Predictive analytics also enable proactive alerts and notifications when a shipment is nearing its delivery target. By geo-fencing a set timeframe, you can get notified when your truck is close, allowing the dock to allocate appropriate preparation resources.
Prescriptive Analytics
Once you’ve aggregated enough quality data, you can start to take advantage of prescriptive analytics. Prescriptive analytics identify different strategies to mitigate supply chain risks or eliminate inefficiencies. A solid baseline of historical data opens the door for organizations to reduce costs and improve efficiency even more by making informed improvements and optimizations to processes and operations.
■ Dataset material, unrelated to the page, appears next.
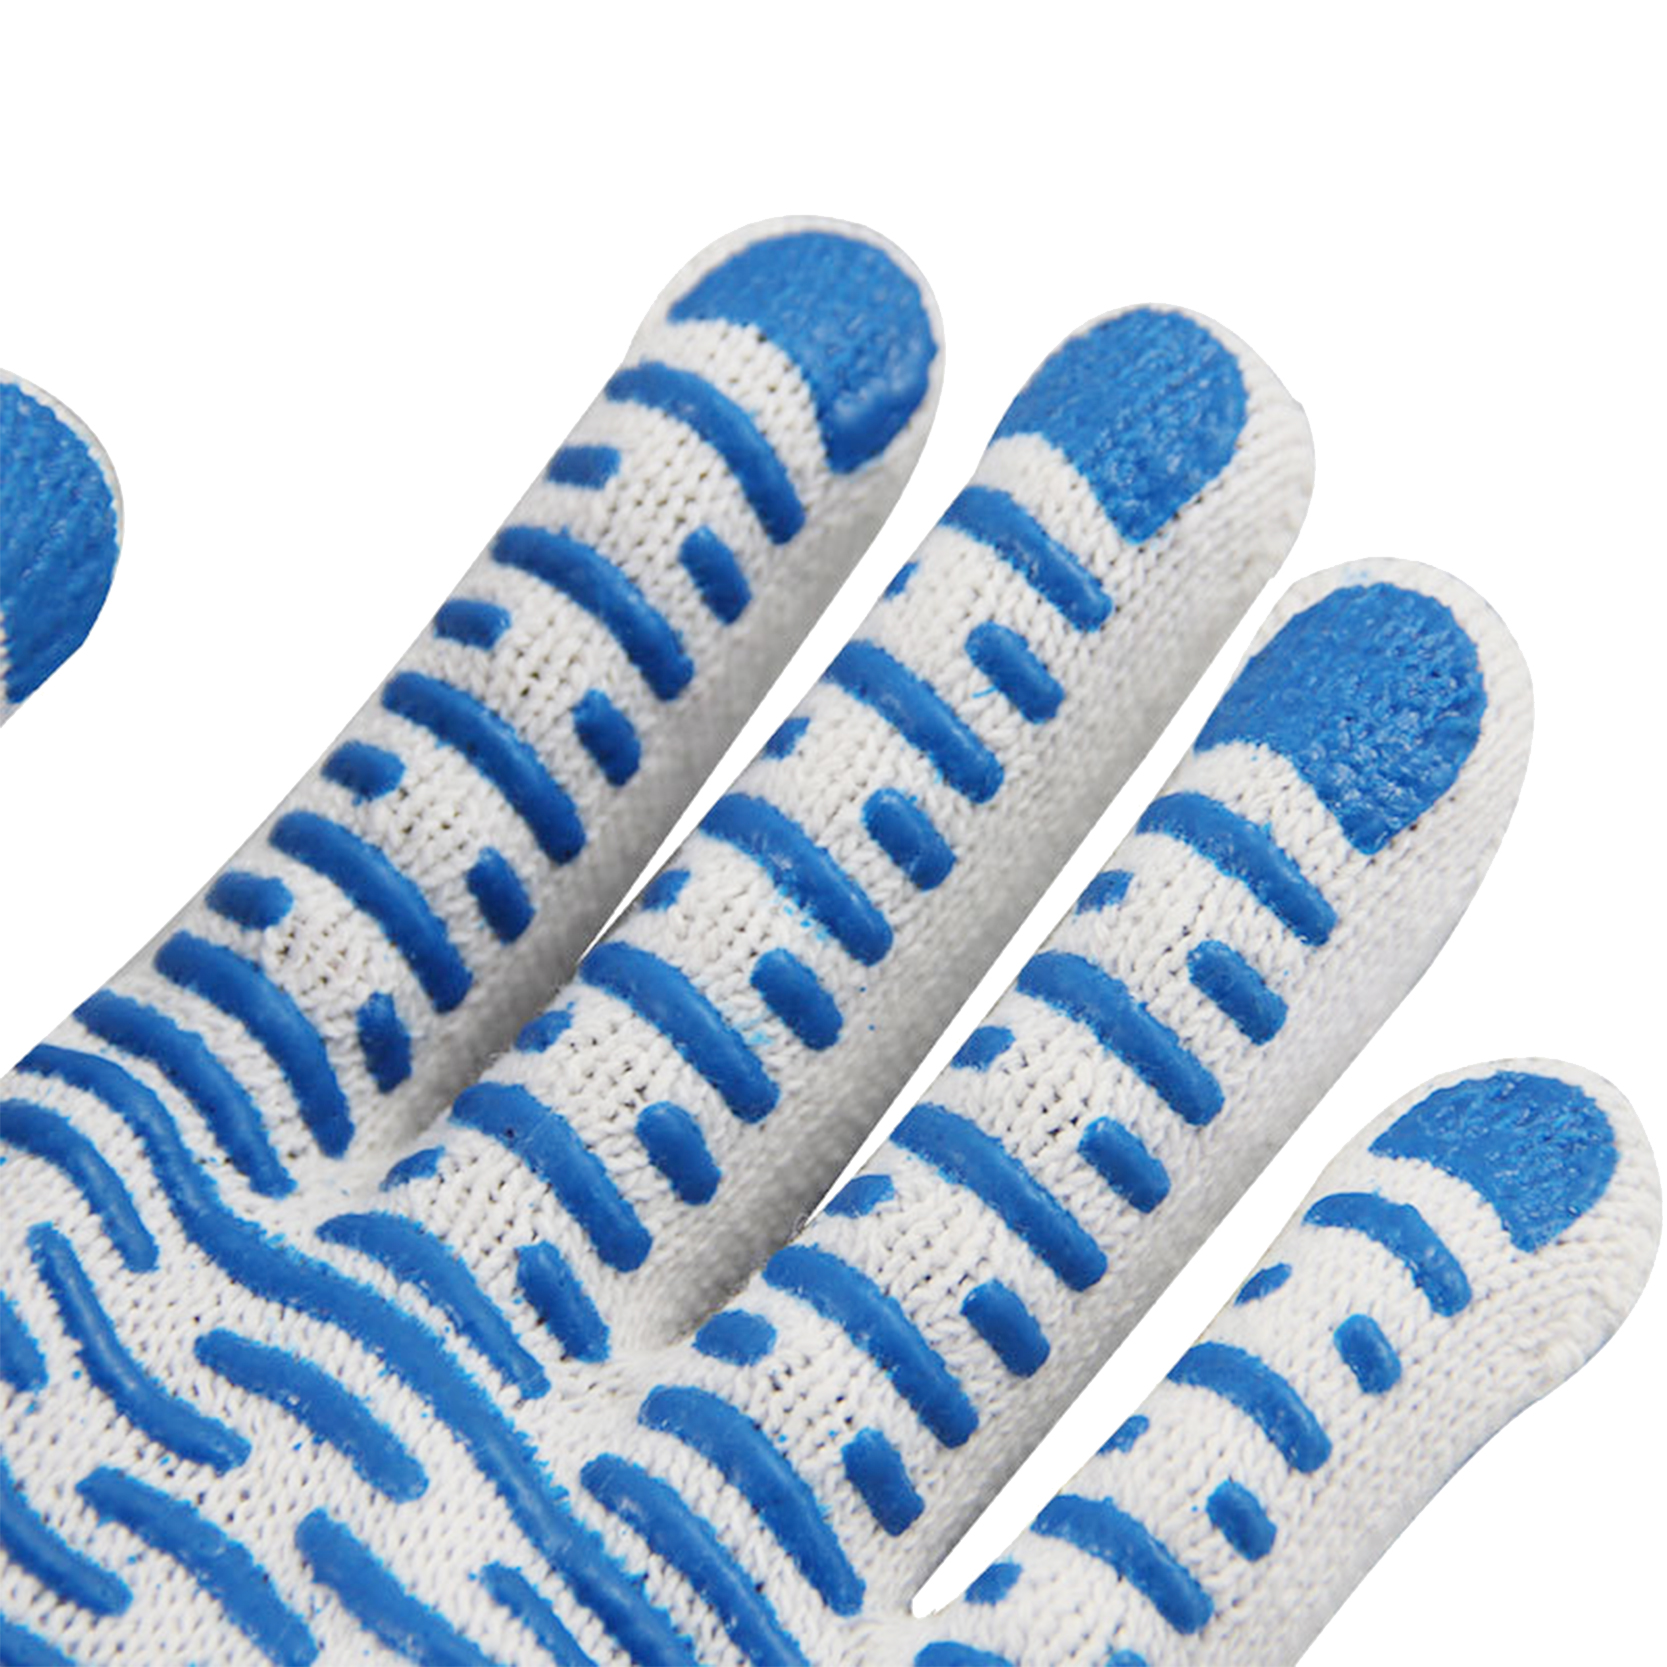 Pvc Dotted Natural White Cotton Glove Cotton String Knit Glove (4)

With cleansed and normalized historical transportation data, you can take a broader look at your supply chain. This ultimately provides you the ability to identify trends, investigate points of weakness, and uncover the root cause of issues and pain points in your supply chain.
Magna International, a $40B global automotive manufacturer, which has produced more than 3.5 million vehicles including 29 different models for brands like BMW and Jaguar, analyzed their data to identify cost-saving improvements in their processes. By investigating historical data available through project44, they found that shipments were late two percent of the time and early 50 percent of the time, and both scenarios were causing missed dock appointments and impairing their JIS (just in sequence) manufacturing process. Having access to this information allowed them improve processes to ensure an additional 40 percent of their shipments arrived in the 30-minute appointment window, reducing dwell time and fines.
By breaking down data by carrier, you can find ways to improve certain partnerships, or find successful siloed practices and apply them with all of your carriers. Exploring trends in lane performance allows you to determine the most efficient routes. Prescriptive analytics can help organizations increase efficiency and reduce costs throughout the transportation process.
It All Starts with High-Fidelity Data
Analytics will become integral to running an efficient and competitive supply chain—if it’s not already. To leverage predictive or prescriptive analytics, and obtain accurate and actionable insights, visibility is not optional. Moreover, quality real-time data is vital. A comprehensive visibility solution with a large network and a cleansed, normalized and enriched data management platform will allow you to garner the insights needed to take action. Your results will only be as good as the data that’s analyzed. Without accurate data that’s updated in real time, you won’t be able to make effective decisions.